Picon Punch at Louis’ Basque Corner in Reno (image: David Calvert)
The first thing you do after gulping down a Picon Punch is order another. A 19th-century concoction made with the bitter French digestif Amer Picon (as well as grenadine, brandy and soda water), the Picon Punch is known for its potency. Most versions of Picon are 80 proof, effectively turning the drink into a polarizing source of joy or intense bitterness, depending on how strong you like your libations. Louis Erreguible, the founder of Louis’ Basque Corner in Reno, says it best: “The first two [drinks you’ll have] are the Picon. The third one is the Punch.”
Over the years, the Picon Punch has come to be known as the signature cocktail of America’s Basque population, many of whom reside in Reno. But don’t let this regional popularity fool you. To discover the source of this drink, you must follow the history of its core ingredient: the spicy orange-laced Amer Picon digestive first made in Algeria.
Louis’ Basque Corner (image: David Calvert)

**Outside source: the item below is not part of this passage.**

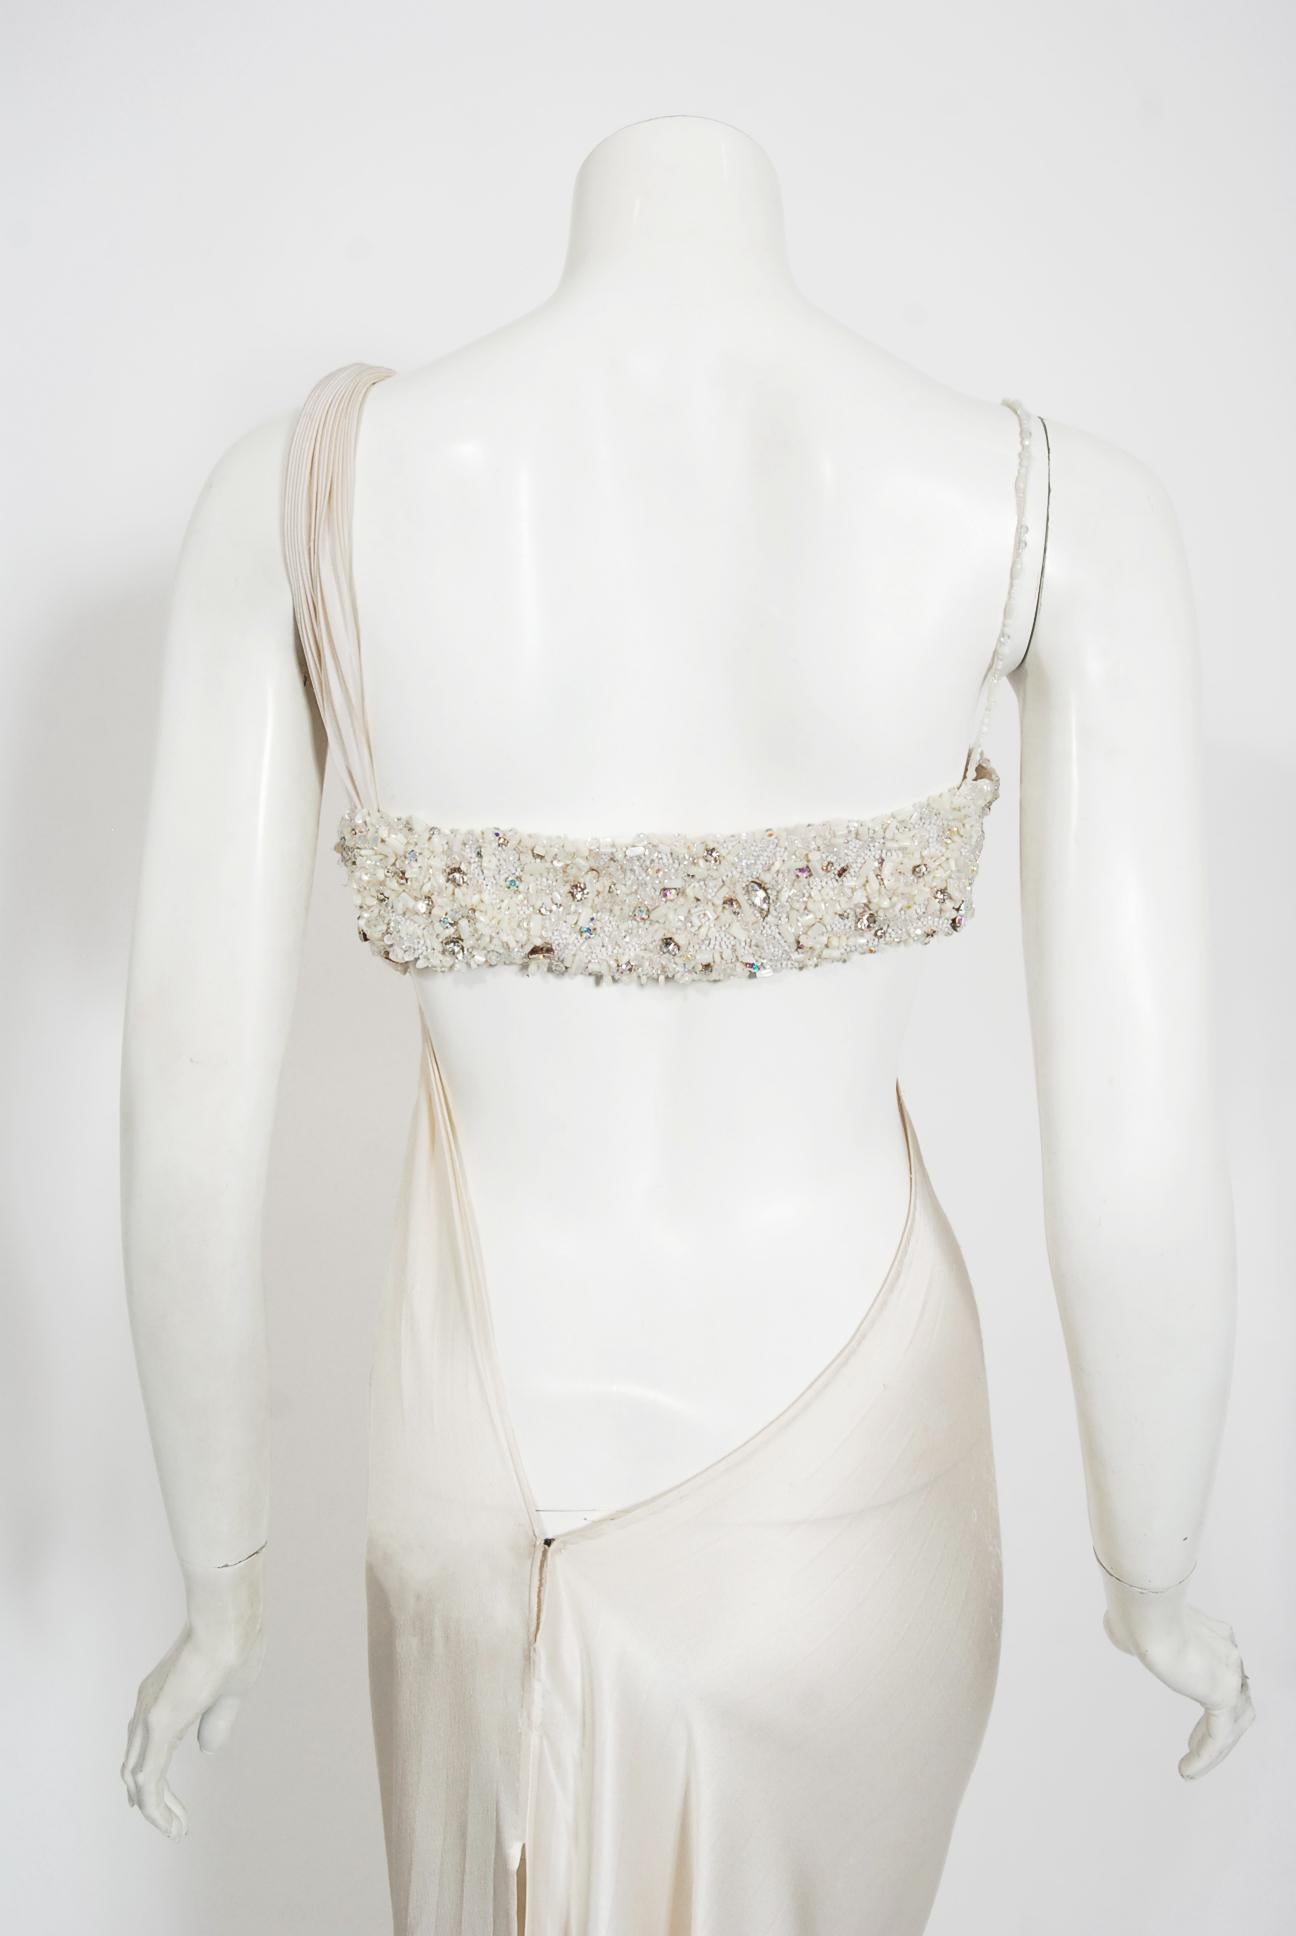 2000 Ungaro Haute Couture Crystal Beaded Asymmetric Cut-Out Ivory Silk Gown 8
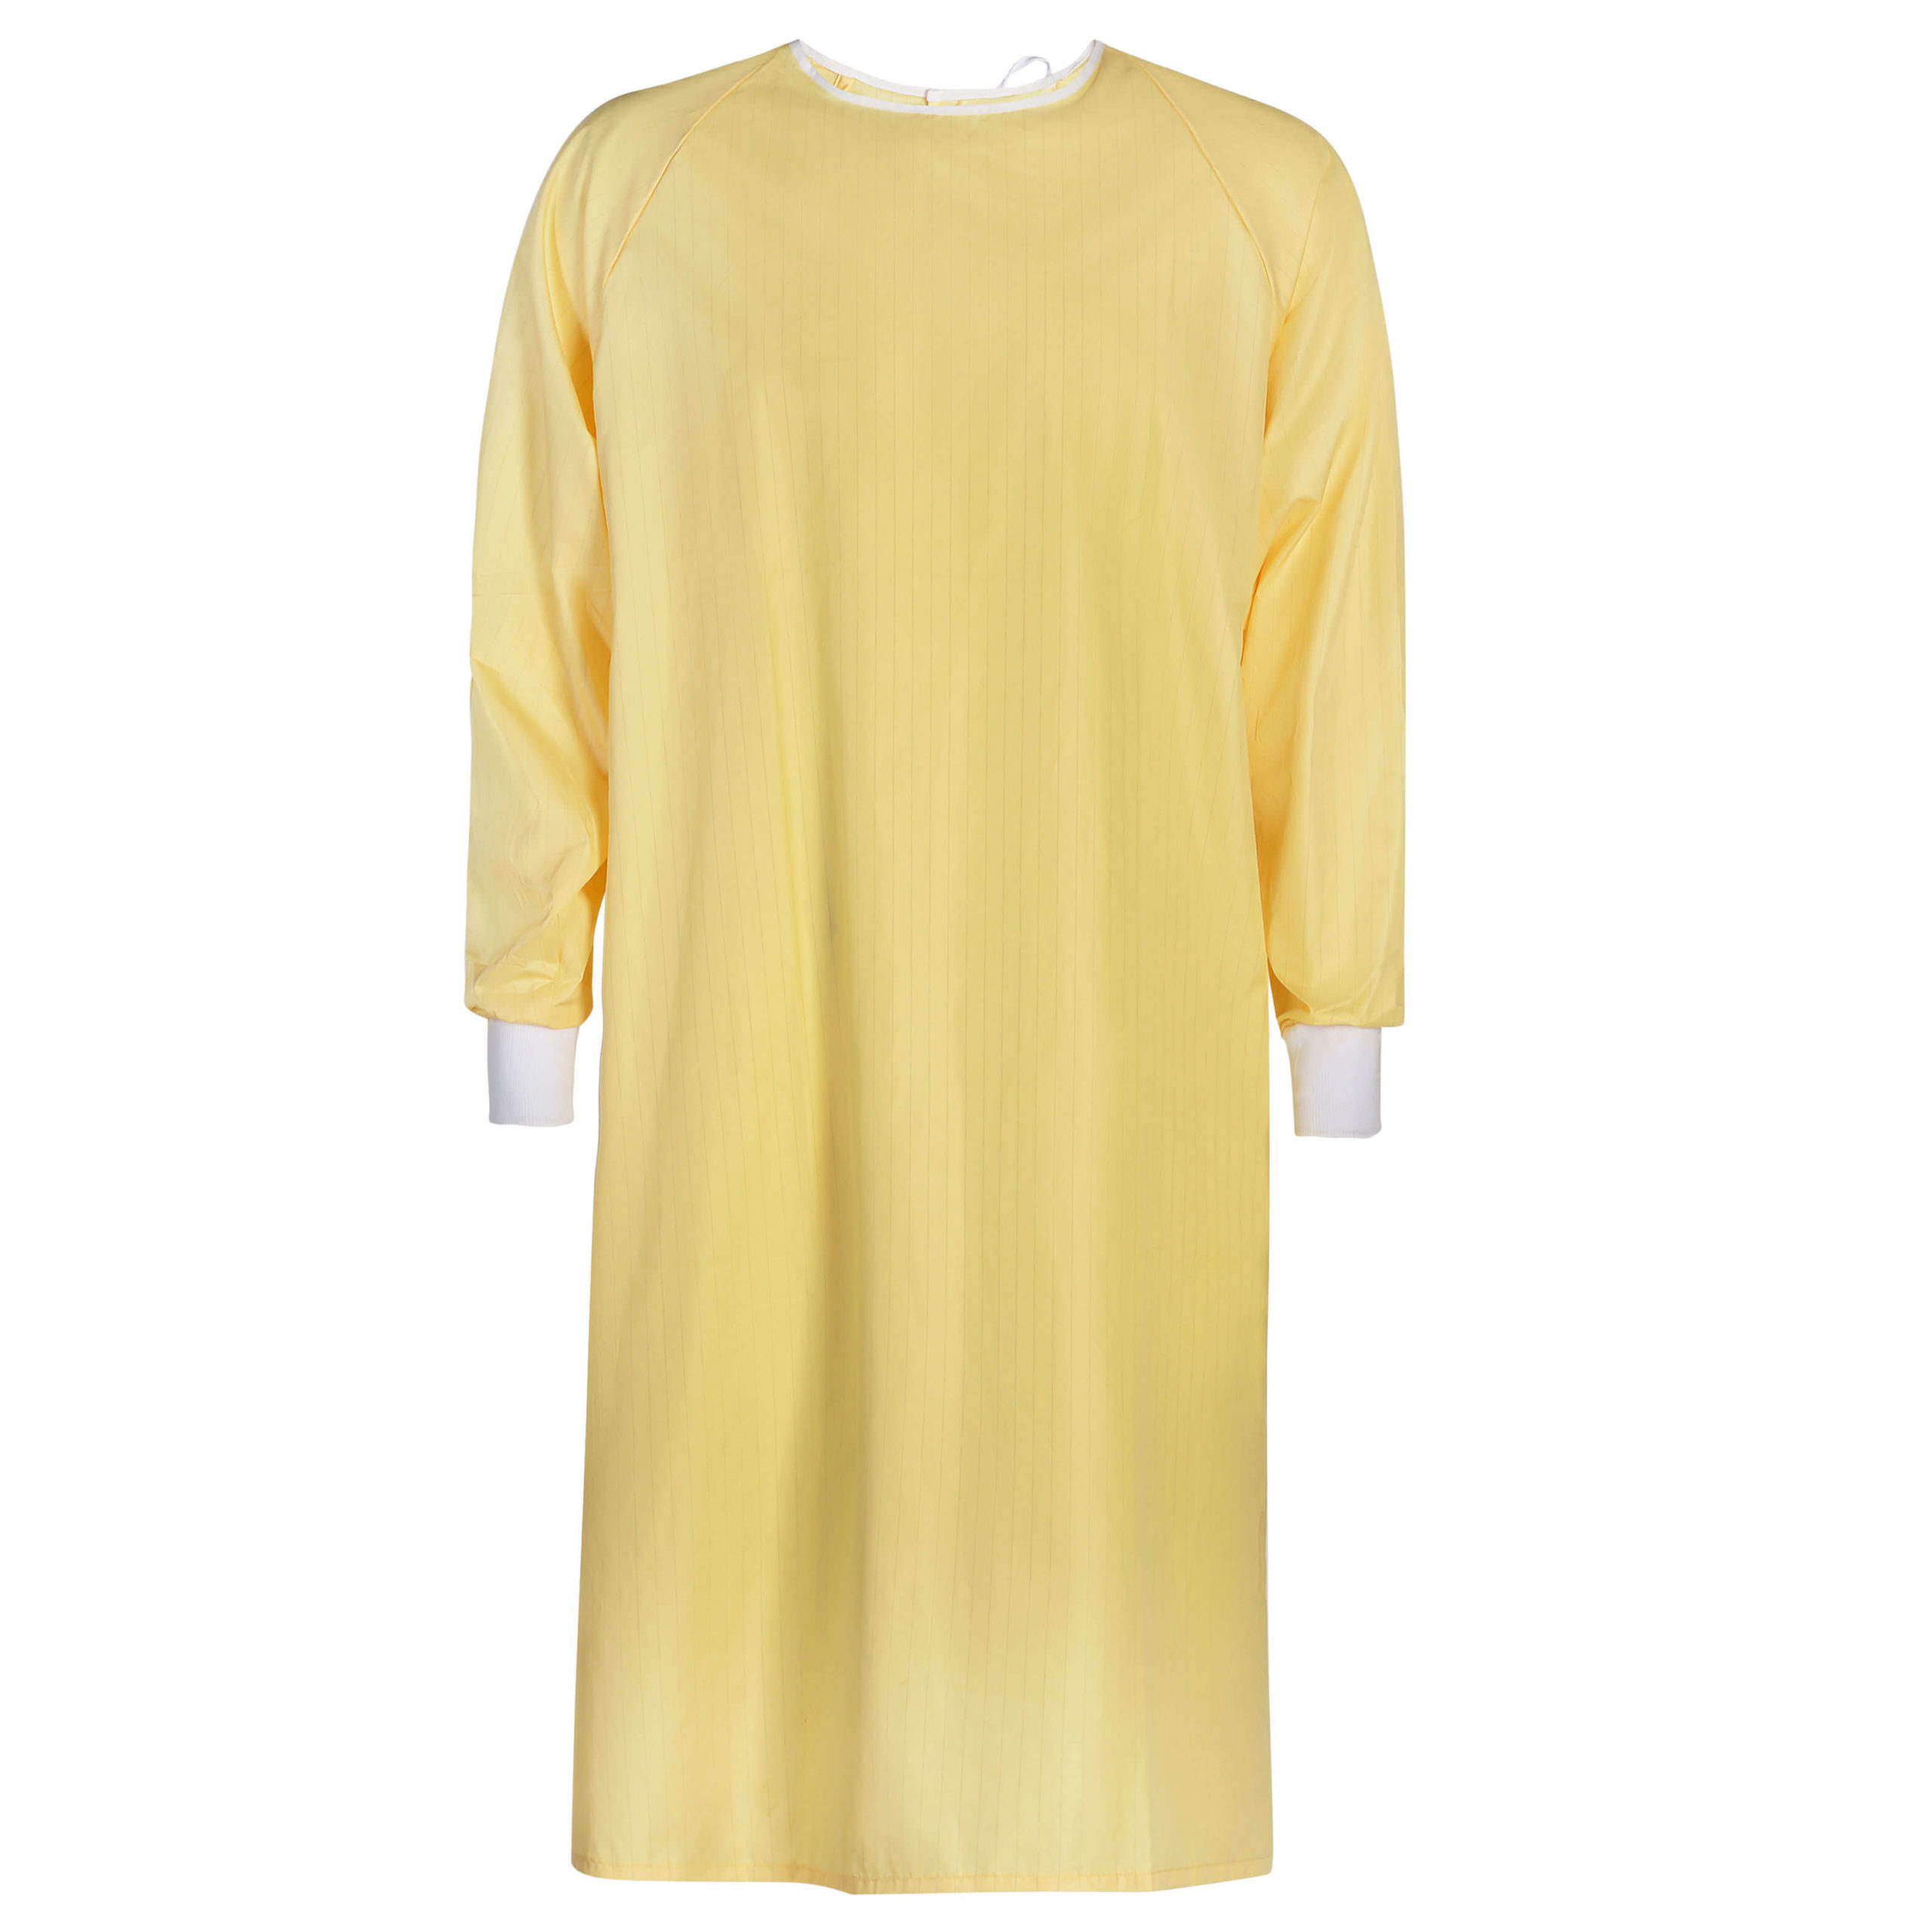 Reliafit™ Level II Isolation Gown

In 1837, an Italian named Gaëtan Picon, who was enlisted in the French army, collected local herbs including quinine, cinchona and gentian to create the original 78-proof Amer Picon liqueur. It remained under the radar until a shortage of absinthe in France inspired the government to seek out potential replacements. Amer Picon was suddenly at the forefront of everyone’s minds, so much so that Gaëtan began selling it in the newly formed American colonies.
In America, Picon was initially marketed as a patent medicine due to its intensely herbal properties, thanks in part to one of Picon’s main ingredients, cinchona bark, which was said to help fight off diseases like malaria. This helpful quality made it especially appealing in the eyes of the newly arrived Basque community, many of whom had emigrated out west in search of gold.
It wasn’t long before Picon began to crop up as a cocktail in and of itself. An 1889 advertisement in “The New York Times” hailed it as the newest medicinal tonic, while other publications encouraged people to dilute the bitter with grenadine or soda water, a practice that was picked up by Basque immigrants in boarding houses in San Francisco. Some also credit the Noriega hotel in Bakersfield, Calif., as one of the drink’s first creators.
Originally dubbed the Picon Lemonade, it was later brought to Nevada by socialite Herman Thyes. And its popularity in northern Nevada is credited to a saloon owner by the name of Louis Vetter, a prominent figure who owned several saloons in town.
(image: David Calvert)
By the time Prohibition came around, the original Amer Picon was extremely difficult to come by. To make up for its scarcity, Italian syrup company Torani began producing its own version in San Jose, Calif., in 1925. This Picon-style amer is now the most commonly used version found in the drink, effectively creating a new version of the Picon Punch for a modern era. You can find the Picon-style amer in the Picon Punch made in Louis’ Basque Corner (“home of the world-famous Picon Punch”) and The Depot, a gastropub and distillery also in Reno.
“The Picon Punch has not changed much in the last 10 years,” says Brian Elcano, who owns both establishments. “In fact, it’s made the same exact way I was taught when I was a little kid, now 25 years ago.”
He adds, “The Picon Punch has definitely made a resurgence in the last 10 years. When we first bought Louis’, I feel like if you were not Basque or did not know somebody who was, you wouldn’t have heard of it. But now I feel it has become very popular, a household drink for many.”
The Picon Punch at Louis’ is made with Torani’s amer. Fill a five-ounce glass with ice to the brim, splash grenadine over the ice and add Torani amer until the glass is two-thirds full. Then add soda water while leaving a little room. Combine grenadine, Torani amer and soda water, and add to the glass before topping with brandy and lemon to finish.
(image: David Calvert)
At The Depot, Elcano actually makes a house version called Amer Depot. It consists of a variety of herbs including cinchona, quinine and elderberries, along with gin-soaked lemon and orange peels. The result is an amer that’s very light in color. It’s used in the Bourbon Barrel Aged Picon, as well as The Depot Punch, made with pomegranate syrup and lemon that harkens to the original Picon Lemonade.
There are still plenty of other variations to be found. “Some like to have their brandy stirred in; some like to eliminate the soda water or may even float it with whiskey instead of brandy,” says Elcano. “We even have a customer who likes to float his with tequila.”